Our institution does come from a very tainted history. And confronting all of that at the turn of the century was one reform effort that said civil service was the answer. It was a step in the right direction, but it was not the answer. Then the Wickersham Commission in 1930 which brought about some major reforms, and in the process produced some of the very problems that we have today, which is the para-military bureaucratic structure, and iron-fisted police chiefs that believe they can create arbitrary and capricious decisions as a way of life, just imposing them on their police officers. Now we are faced with the unintended consequences of that reform effort. And we are experiencing a new wave of reform, that has brought us to a point now where police are much more likely to be fair or just in their dealings in situations where predictably in the past we would have been aligned. We would have been aligned with landlords in landlord-tenant disputes, automatically. We would have been aligned with management over labor in labor disputes. What helped to change that was police officers recognizing that they are labor.
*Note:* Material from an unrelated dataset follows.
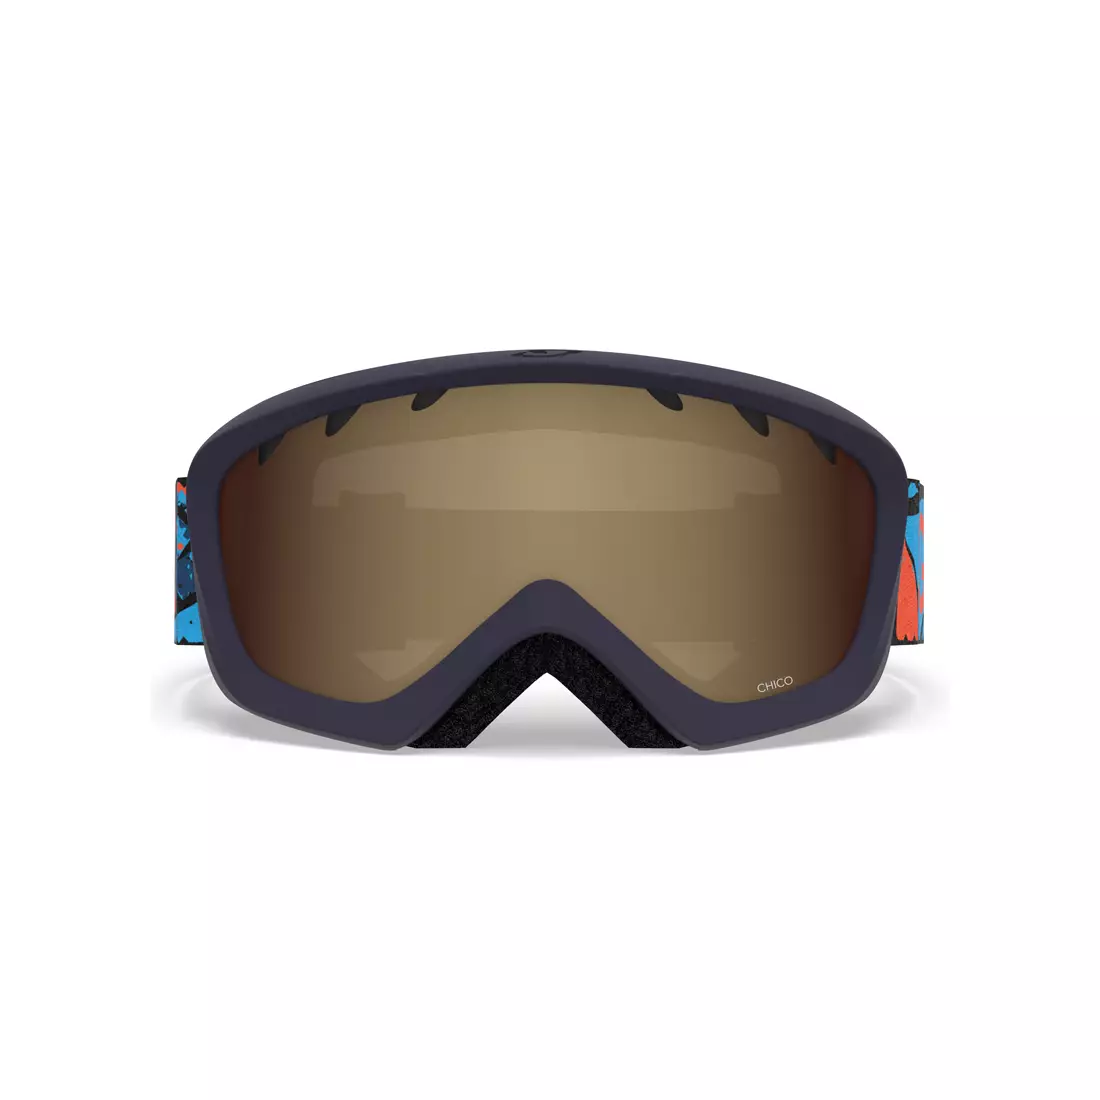 Junior ski / snowboard goggles CHICO BLUE ROCK GR-7094688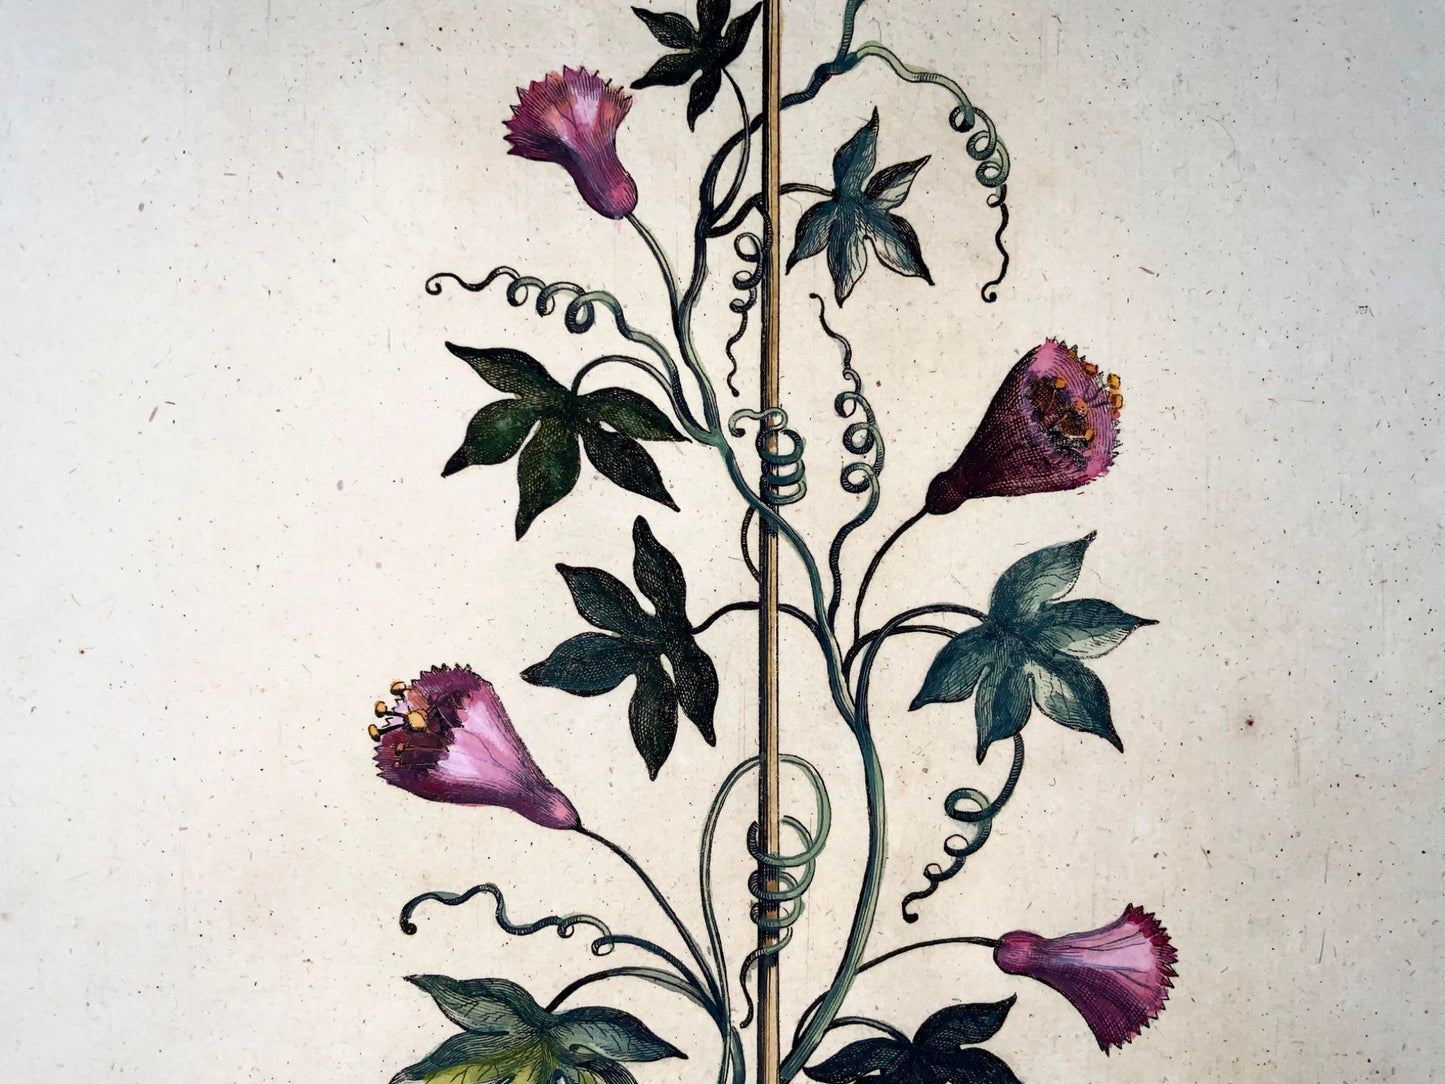 1696 Clematis Passionalis, grand folio, botanique, Abraham Munting, grand folio

And aligned in merchant-consumer, aligned in husband-wife disputes, you know, "a man's home is his castle." A lot of those tendencies to line up behind the more powerful and dominating forces in society and in the community have been affected by the changes in the past 10 or 15 years in police work. And certainly under community policing there's a very good chance that we will see police officers as very, very strong advocates for the economically disadvantaged and for groups that historically have been on the outs.

Does your vision of community policing include a civilian review board?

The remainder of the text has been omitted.